Yes, it's the combination of
   v6.1: 3aa4ed8040e15 mm/hugetlb: make detecting shared pte more reliable
   v6.13: 59d9094df3d79 mm: hugetlb: independent PMD page table shared count
without
   v6.0: bcd51a3c679d hugetlb: lazy page table copies in fork()
that is problematic.

Since the problematic combination doesn't exist in any upstream release,
no need to backport.  The patch is for a potential latent bug.

thanks,
-jane
   >
>>   mm/hugetlb.c | 13 ++++---------
>>   1 file changed, 4 insertions(+), 9 deletions(-)
>>
>> diff --git a/mm/hugetlb.c b/mm/hugetlb.c
>> index 753f99b4c718..8ca5b4f7805f 100644
>> --- a/mm/hugetlb.c
>> +++ b/mm/hugetlb.c
>> @@ -5594,18 +5594,13 @@ int copy_hugetlb_page_range(struct mm_struct *dst, struct mm_struct *src,
>>   			break;
>>   		}
>>   
>> -		/*
>> -		 * If the pagetables are shared don't copy or take references.
>> -		 *
>> -		 * dst_pte == src_pte is the common case of src/dest sharing.

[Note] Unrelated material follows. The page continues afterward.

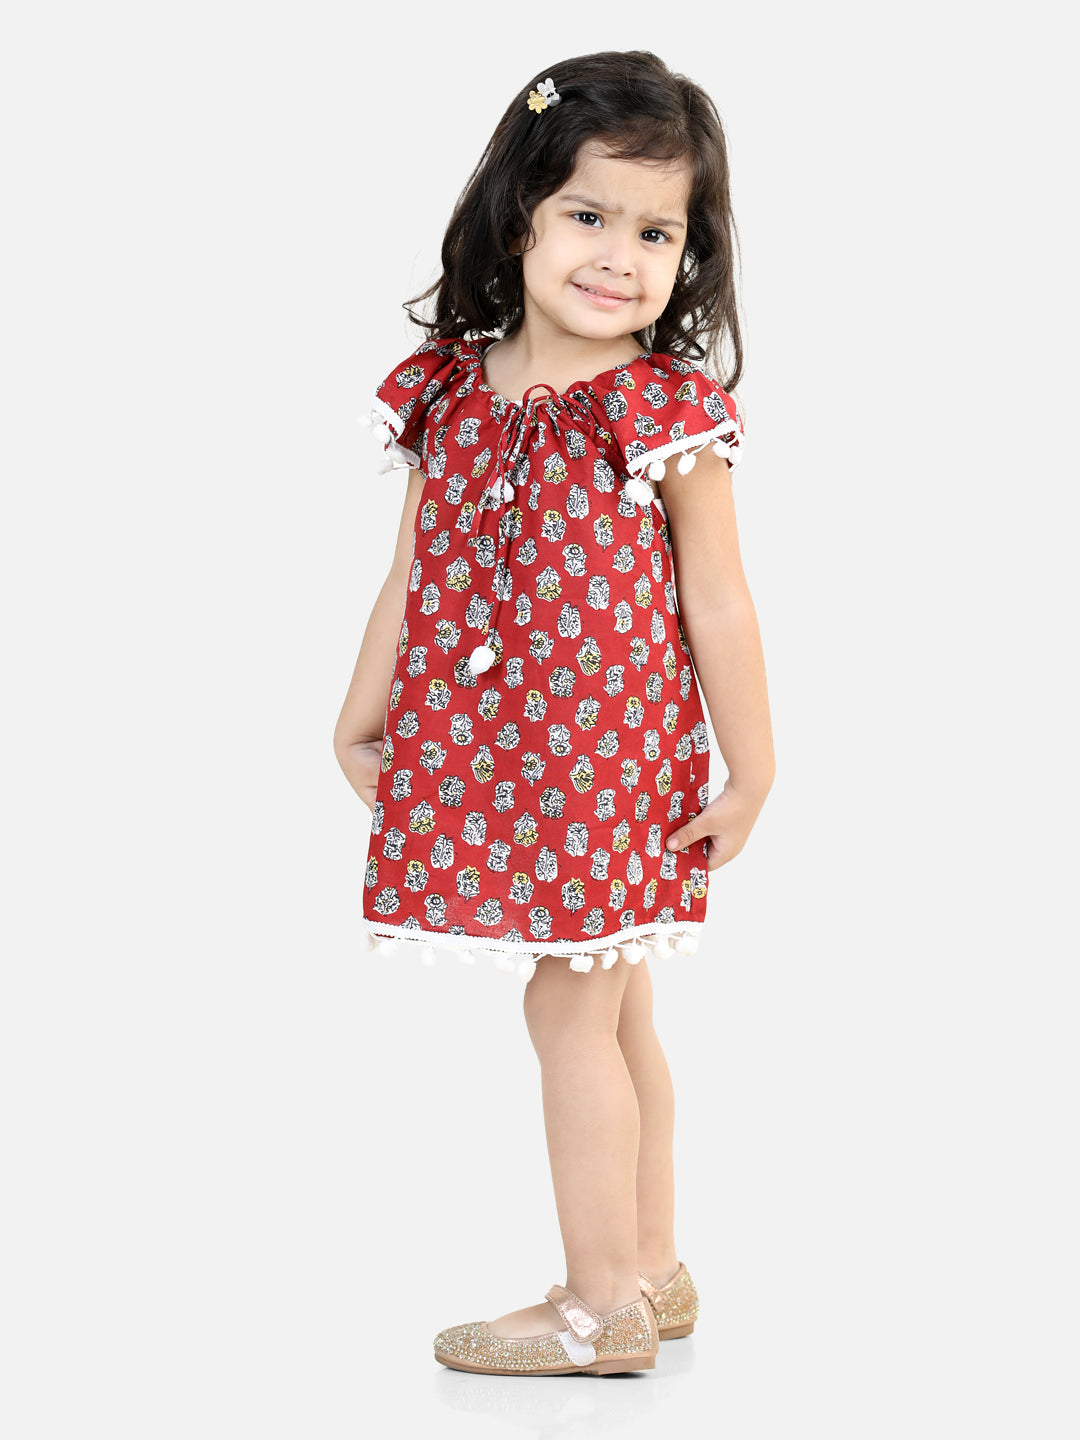 BownBee 100% Cotton Printed with Pompom Jhabla Frock for Girls- Maroon

>> -		 * However, src could have 'unshared' and dst shares with
>> -		 * another vma. So page_count of ptep page is checked instead
>> -		 * to reliably determine whether pte is shared.
>> -		 */
>> -		if (page_count(virt_to_page(dst_pte)) > 1) {
>> +#ifdef CONFIG_HUGETLB_PMD_PAGE_TABLE_SHARING
>> +		/* If the pagetables are shared don't copy or take references. */
>> +		if (ptdesc_pmd_pts_count(virt_to_ptdesc(dst_pte)) > 0) {
>>   			addr |= last_addr_mask;
>>   			continue;
>>   		}
>> +#endif
>>   
>>   		dst_ptl = huge_pte_lock(h, dst, dst_pte);
>>   		src_ptl = huge_pte_lockptr(h, src, src_pte);
>> -- 
>> 2.43.5
>>
>